ESSA was “designed to let states determine for themselves how to hold schools accountable,” writes Jessica Towhey in the NH Journal, but it “may leave more children behind if states are allowed to skirt federal requirements through waivers.” Reorienting responsibility for education from Washington, D.C., to states and districts was “a major win for conservatives,” but “civil rights groups and others have sounded alarms since the legislation was being drafted that too much flexibility could lead to states not devoting resources to historically underperforming students if it meant posting higher progress rates for schools.”
As Towhey reports, New Hampshire and New York have submitted plans that include waiver requests, and Florida “wrote its accountability plan in such a way that critics say it skirts the law.” In addition, policy experts “note that U.S. Education Secretary Betsy DeVos has approved two plans — Connecticut and Tennessee — that are out of compliance with federal law but were submitted without waiver requests.”
Meanwhile, according to the St. Paul Pioneer Press, three state legislators in Minnesota wrote to DeVos and state Education Commissioner Brenda Cassellius arguing that the state’s ESSA plan “lacks transparency and clarity” and “will not do enough for underperforming teachers and schools.” They have asked the federal government to reject the plan and send it back to state officials for revisions.

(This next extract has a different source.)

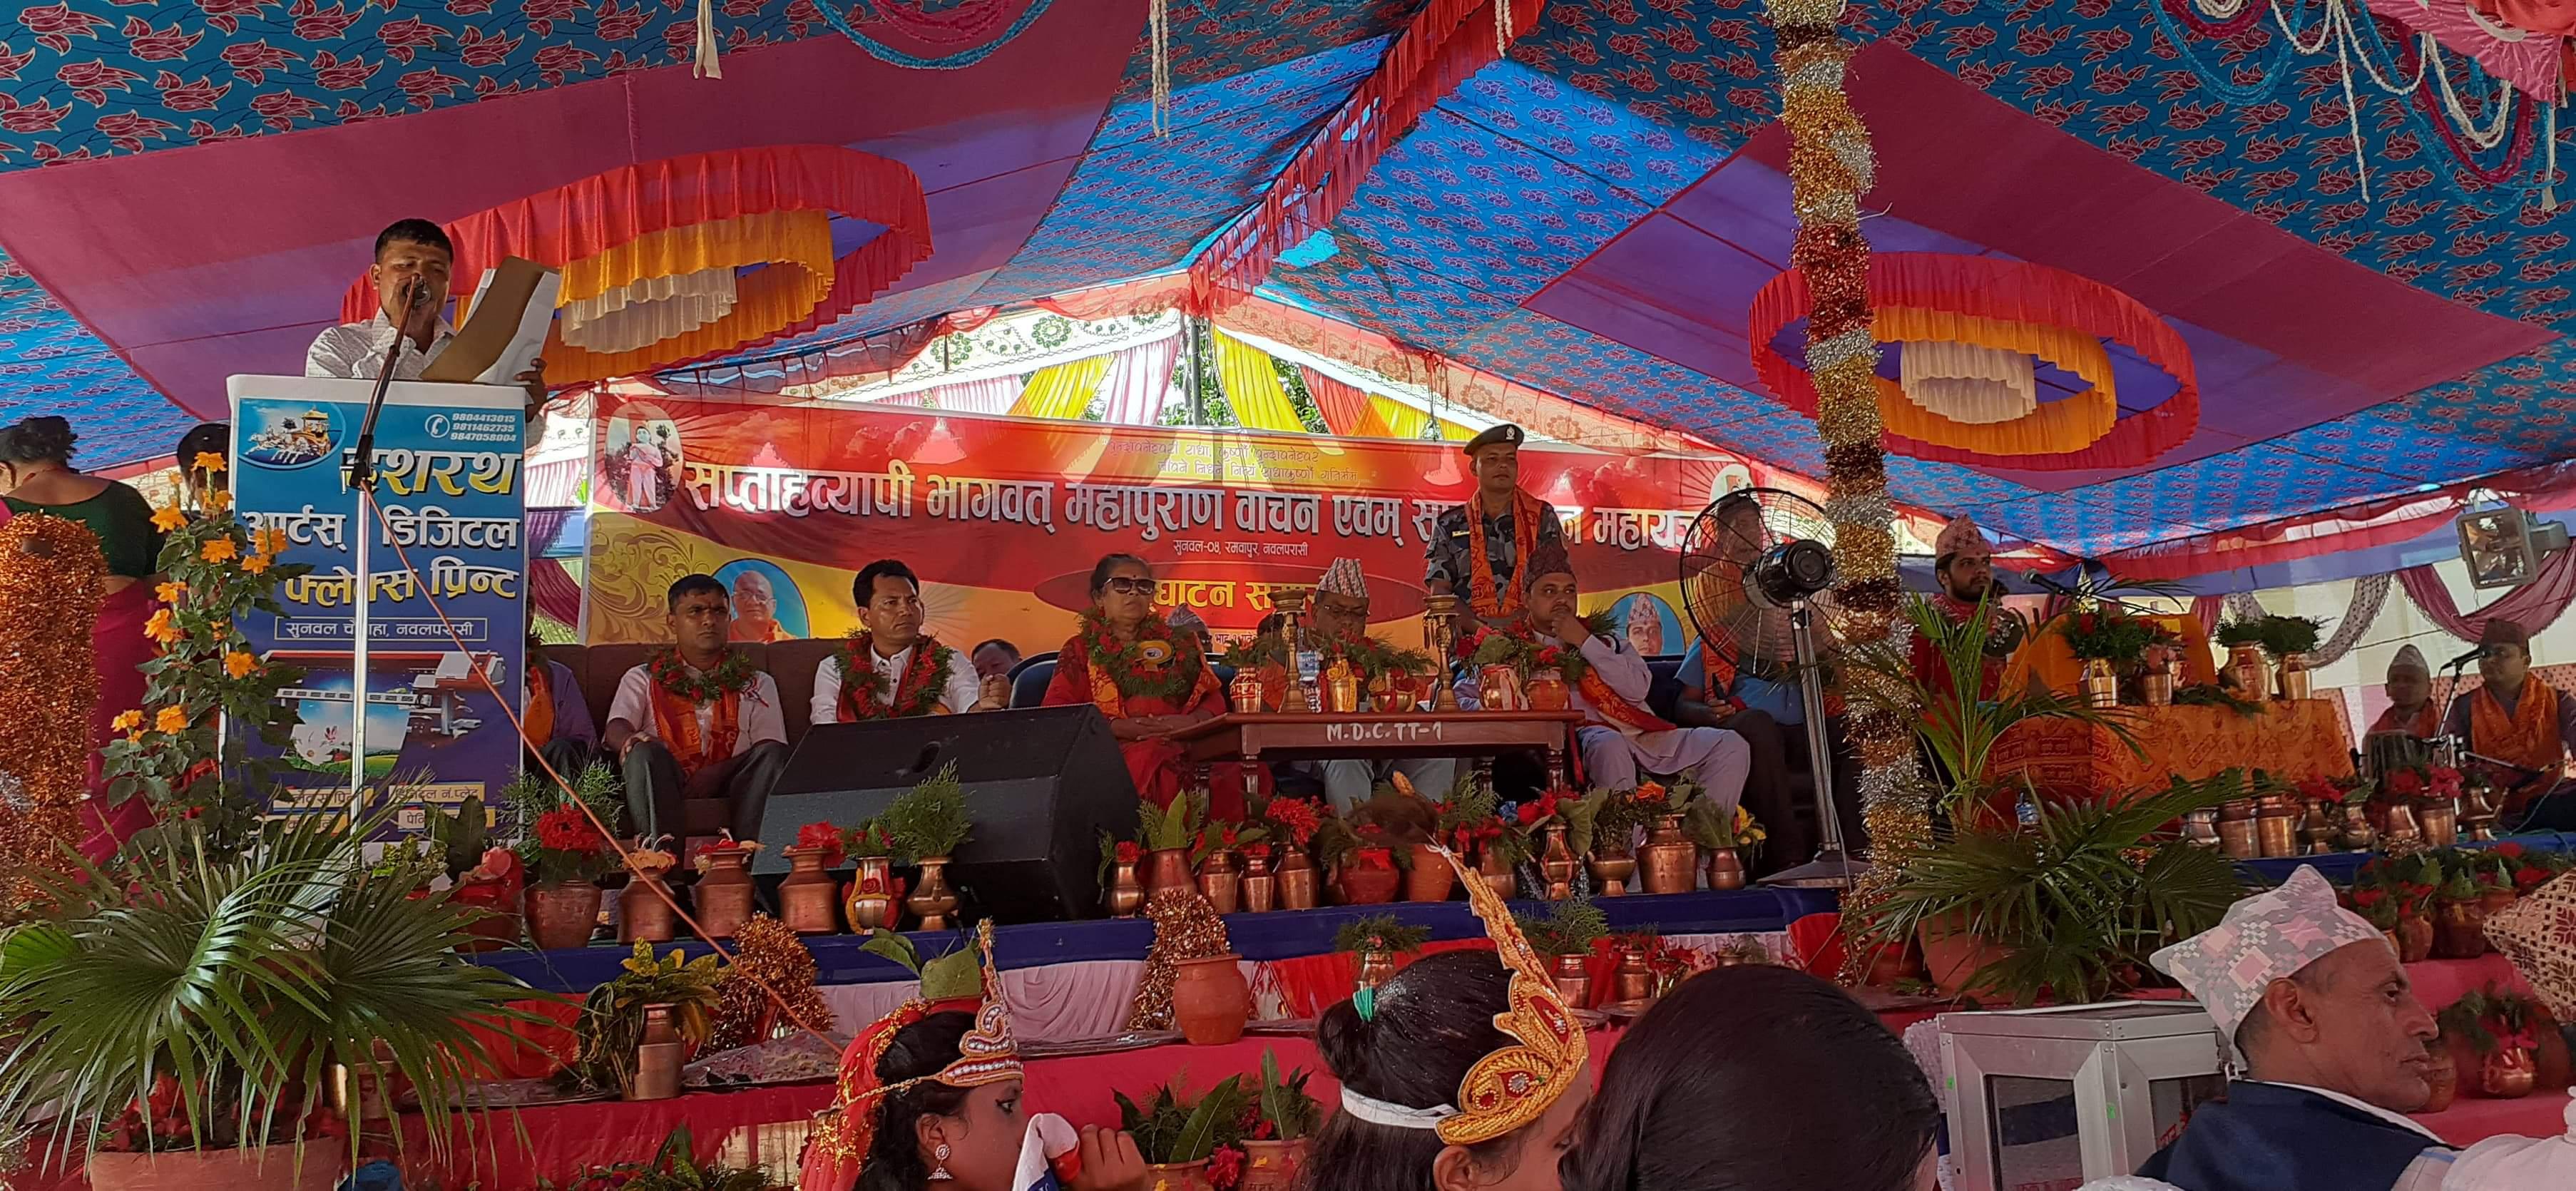 सप्ताहाव्यापि भागवत् महापुराण एवम् सप्ताहा ज्ञान महायज्ञ सुरु ( तस्वीर सहित )

And The Washington Times reports that in Arizona, the state may put the “promises of greater flexibility” under ESSA to the test, as a result of a 2016 state law “that allows traditional and charter school leaders to choose the standardized test they think best fits each school’s teaching methods.” In Oklahoma, KGOU reports that advocates for students with disabilities, students of color, and low-income students are concerned about the state’s ESSA plan, with some having had their “recommendations adopted in the final plan,” while others “say their concerns were brushed aside.”
More ESSA news below.
1 Idaho students make the grades
Starting next year, public school students in Idaho will be able to do a little grading of their own — of their teachers. As part of the state’s accountability plan, Idaho public school children will be able to grade their schools and teachers by using a student engagement survey. KREM reports that third- through 12th-graders “will be asked questions in three different categories: school climate, teacher-student relationships, and school safety,” while ninth- through 12th-graders “will receive an additional category of questions on grit, or the ability to achieve a long-term goal despite setbacks.”
2 Achieve tracks state plans
Achieve released a new online tracking tool that “summarizes states’ long-term goals for student achievement and graduation rates, along with the accountability indicators and weighting included in states’ plans submitted under ESSA.” Have questions about state plans? Check out the tracker to view accountability indicators and compare states to each other.
3 How one teacher views professional learning under ESSA
Matt McCullough, director of innovation in teaching and learning at Schoolcraft Community Schools in Michigan, writes that his favorite task is “providing innovative classroom strategies to my teachers and collaborating with them to lead to greater student success.” After reading Educators for High Standards’ recent report, McCullough is encouraged to see other educators around the country leading high-quality learning. He is also “passionate about improving the quality of professional learning for teachers” and hopes ESSA “will be the lever that will create a large-scale change.”